Saturday, March 27, 2021

Who Were Abraham Lincoln's Siblings?

Think of Abraham Lincoln's family, and Tad or Mary is likely to come to mind. So don't blame yourself if the names Sarah or Thomas Lincoln don't exactly ring a bell. But though they're much less known, both of Lincoln's siblings helped make him the man—and president—he eventually became.
Portrait of Nancy Hanks Lincoln


Thomas and Nancy Hanks Lincoln had three children: Sarah, Abraham, and Thomas (Tommy). (Yes, Lincoln was a middle child, a fact that makes his future rise to fame even more noteworthy.) Sarah was born in 1807, two years earlier than Abraham. In 1812 (some accounts say 1813), tragedy struck the Lincolns when their third child, Tommy, died at just three days of age. It is not certain why Tommy died, but infant mortality was high in that era, especially on the frontier. Lincoln only mentioned Tommy a single time during his public career, but his death must have deeply grieved the family.

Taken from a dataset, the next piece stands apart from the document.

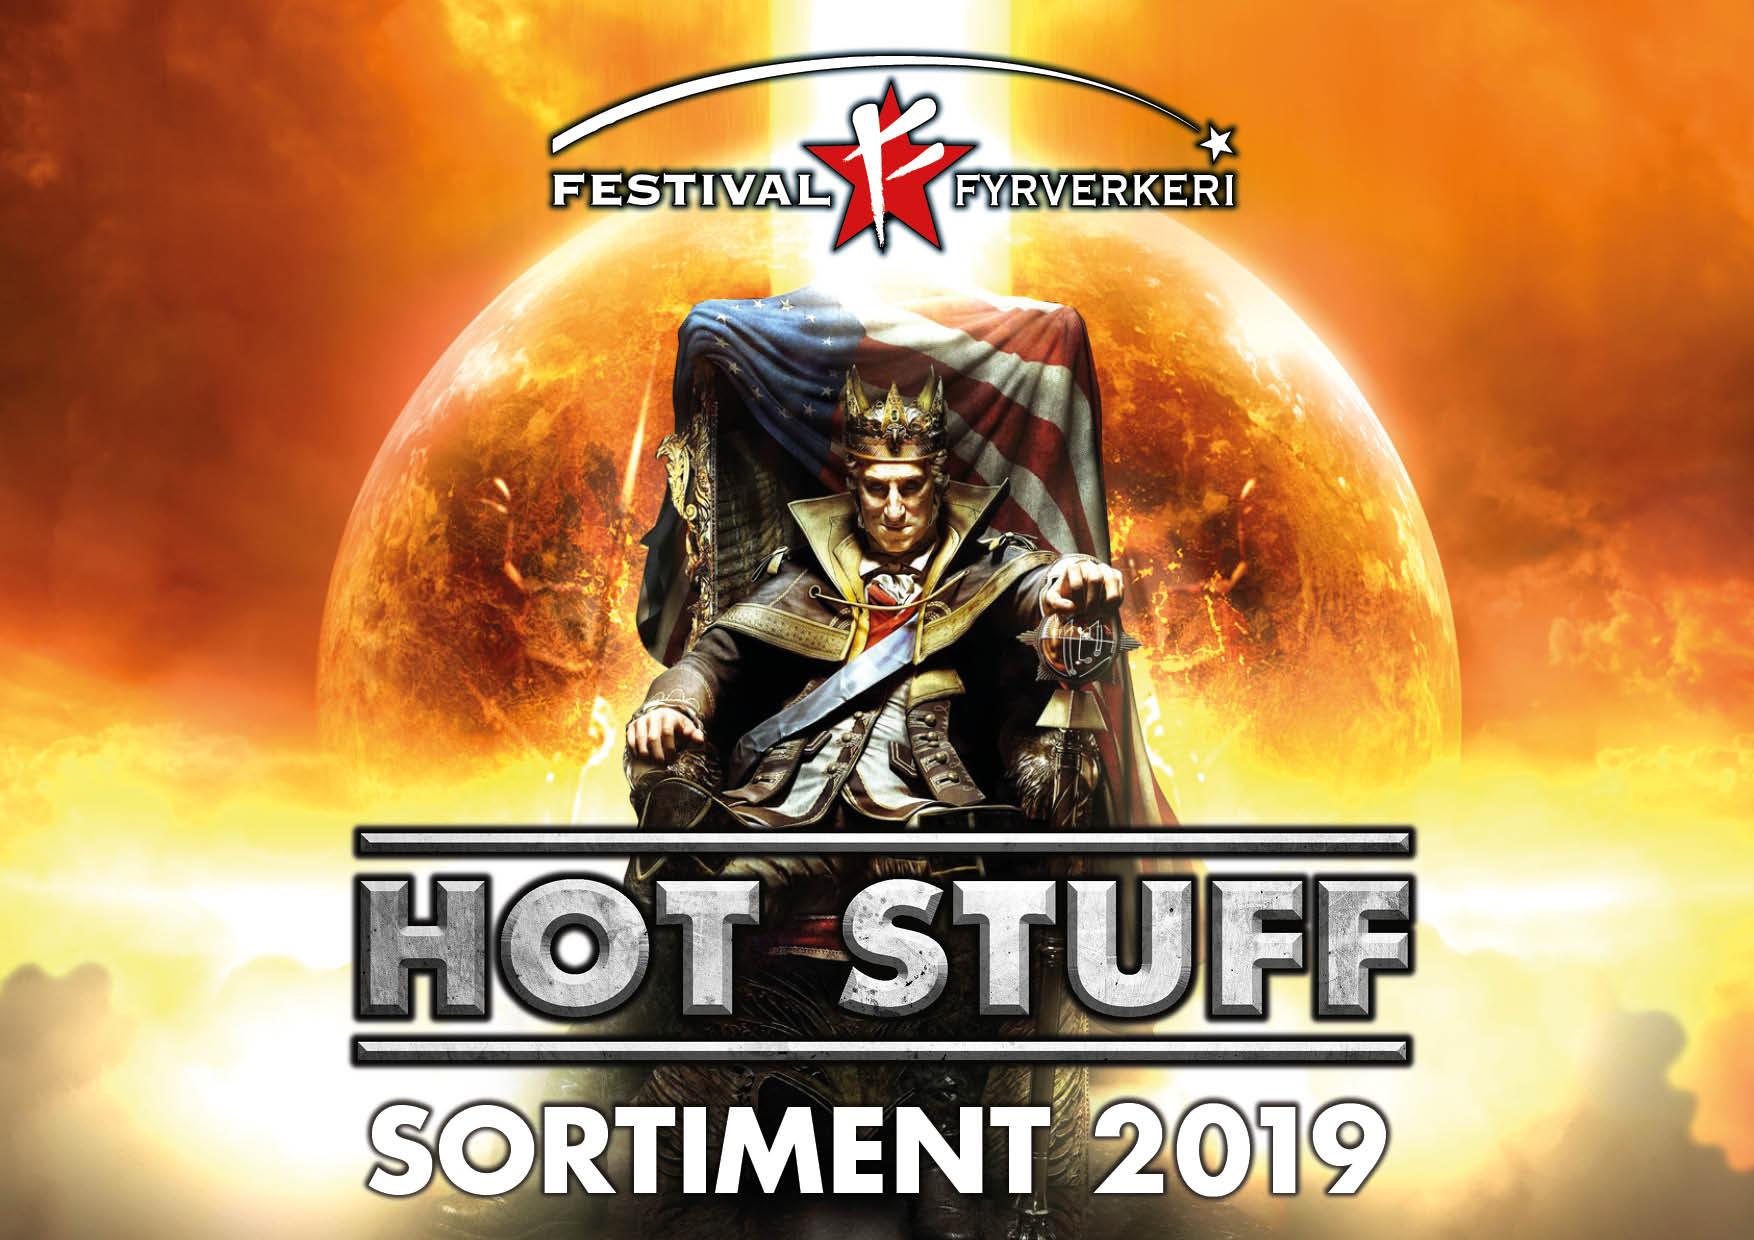 festivalfyrverkeri_hotstuff_1

Before leaving Kentucky, Abraham Lincoln and his older sister Sarah (1807-1828) were sent for short periods, to ABC schools (also known as 'Blab' schools). Together, Abraham and Sarah attended what was known as Blab or ABC schools, a kind of early primary school common in frontier states like Kentucky, Indiana, and Illinois. Instead of featuring age-separated classrooms or expensive books or pencils, such schools used a strictly oral curriculum. The "blab" part came from teachers who recited rote lessons to the kids, who in turn blabbed them back. That back-and-forth didn't necessarily provide a great education (and given that the school charged tuition, it probably cost the Lincolns dearly to send them there), but it was enough to instill the basics in both Lincoln kids.

But more grief was on its way for the Lincolns. Just two years after making the rough journey to Little Pigeon Creek and building a cabin there, Abraham Lincoln’s mother, Nancy, contracted "milk sickness" after drinking milk from a cow that had been poisoned by White Snakeroot or Milkweed, and died on October 5, 1818.

Abraham and Sarah were devastated. Though she was only two years older than her brother, Sarah tried to be a mother to Abraham. She also inherited the chores expected of the woman of the house, caring for her brother, father, and a cousin who lived with them.

Just a year later, their father left his brother, sister, and 18-year-old cousin at home as he hunted for another wife. When he returned with a new wife, Sarah Bush Johnston, both brother and sister were so dirty and unkempt that she scrubbed them clean. Johnston had three children of her own, and with the help of a new mother and in a house with three stepsiblings, the Lincoln children went back to a life of hard work.
Sarah Bush Johnston


Sarah thought in some respects like her brother. She lacked Abraham's stature was thick-set, had dark-brown hair, deep gray eyes, and an even disposition. In contact with others, she was kind and considerate. Her nature was one of amiability, and God had endowed her with that invincible combination—modesty and good sense. Sarah was known in the community as gentle, intelligent, and kind. 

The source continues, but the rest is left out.